Using Safale US-05 yeast. starting the fermentation at 59f and ramping up 1° everyday until 71f. then cold crash.
Anyone have input on this strategy?
#homebrewing
Using Safale US-05 yeast. starting the fermentation at 59f and ramping up 1° everyday until 71f. then cold crash.
Anyone have input on this strategy?
#homebrewing
What's your goal behind doing that? Unless you're pitching a butt load of yeast, it's just going to delay fermentation start.
If you have healthy yeast, pitch it just a few degrees below goal max ferment temp, and ramp it up. A homebrew batch should be done fermenting in 3-4 days, or you're either pitching too few yeast, poor health yeast, or too cold fermentation temps.
A fast ferment will lead to a cleaner, healthier product.
If you're not saving portions of your yeast cakes, your missing out. It's basically free yeast, and usually in better condition then anything in a package (so long as your sanitary practices are good.)
I'm just trying new approaches to fermenting. Wondering if anyone messed around with a yeast schedule.

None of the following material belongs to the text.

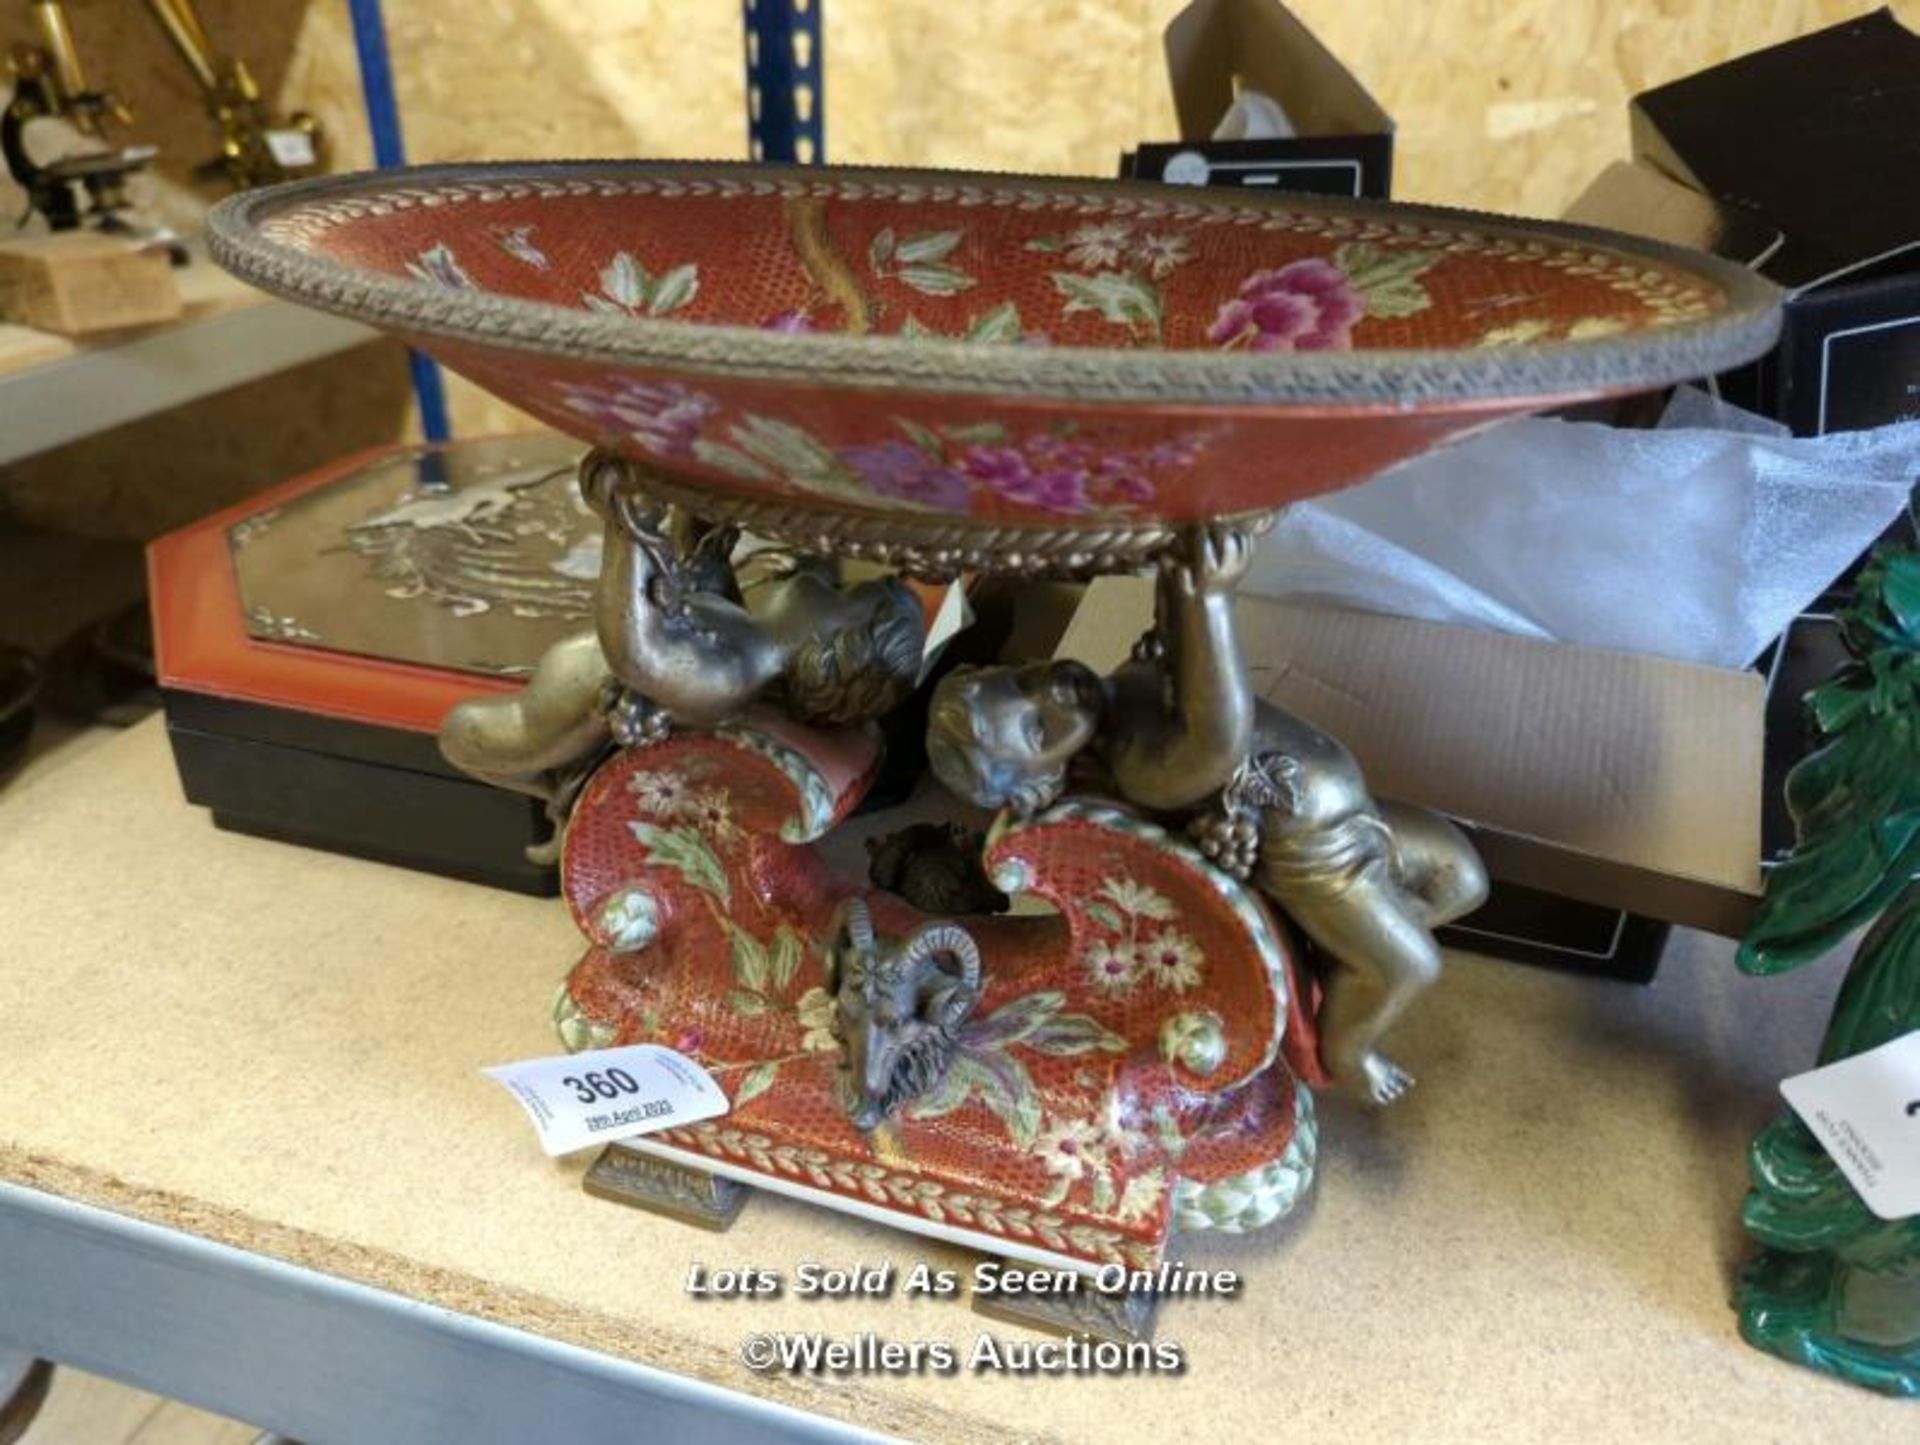 *DECORATIVE CENTERPIECE WITH FLORAL DESIGN, BRASS CHERUBS AND A GOAT / ALL LOTS ARE LOCATED AT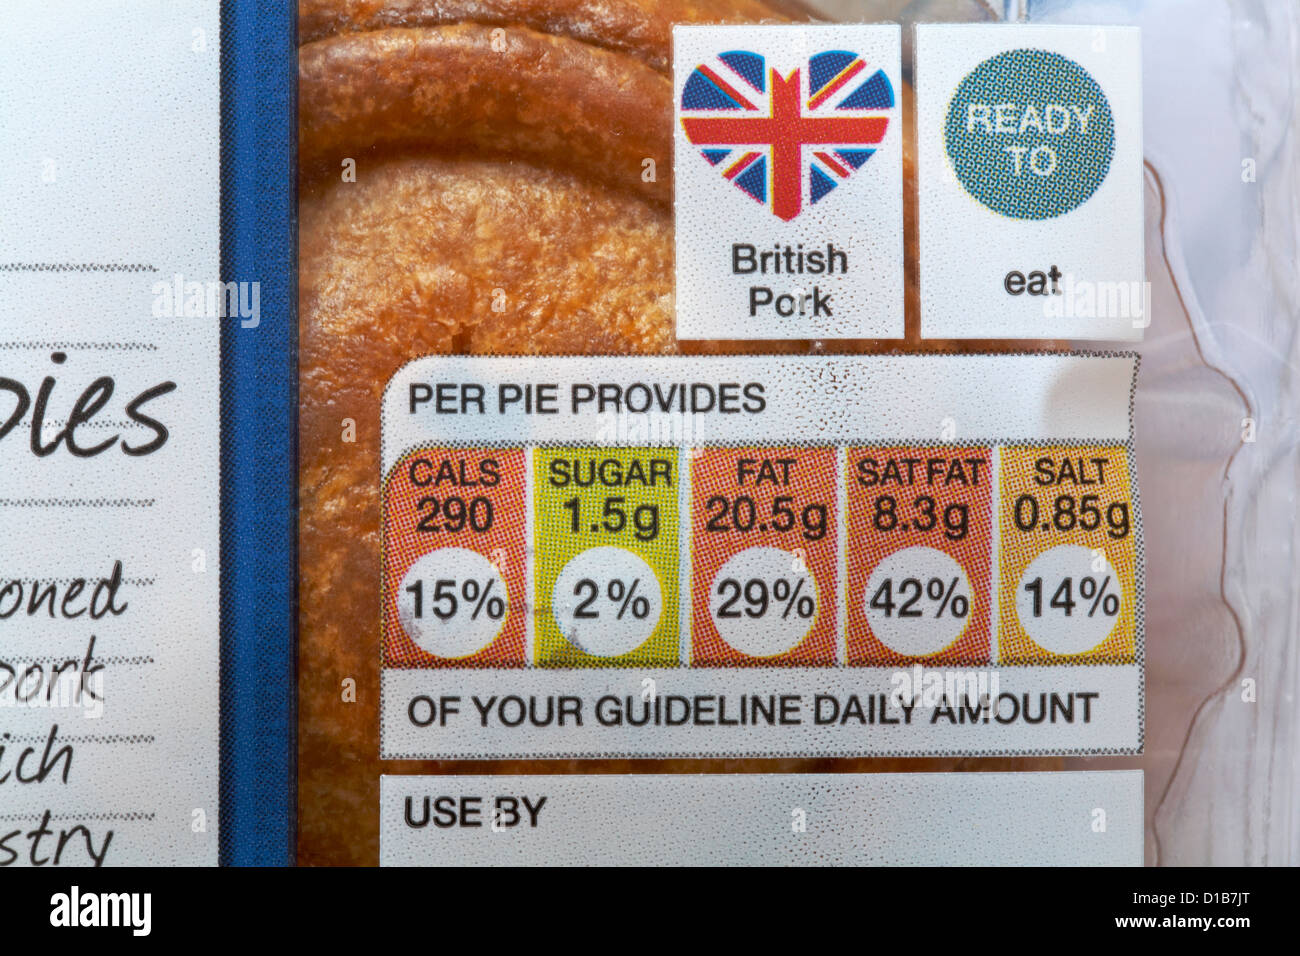 British pork ready to eat symbols with GDA Guideline Daily Amount information on pork pie packaging Stock Photo

I tried reusing yeast. it was a lot of effort for minimal results.
Hmm, that's interesting. I always had better results after the first batch...so much so, I would ovten make a starter, then a 3 gallon batch as a large-format starter, just to harvest a large amount of yeast.
I spent years trying to solve the issues I had with beer, and at the time everyone in the homebrew scene was talking about yeast being the second most important thing behind sanitation. Being a Nurse, I am extra careful about sanitation, so that was never the issue. Turns out for me, it was the water that was more important than the yeast.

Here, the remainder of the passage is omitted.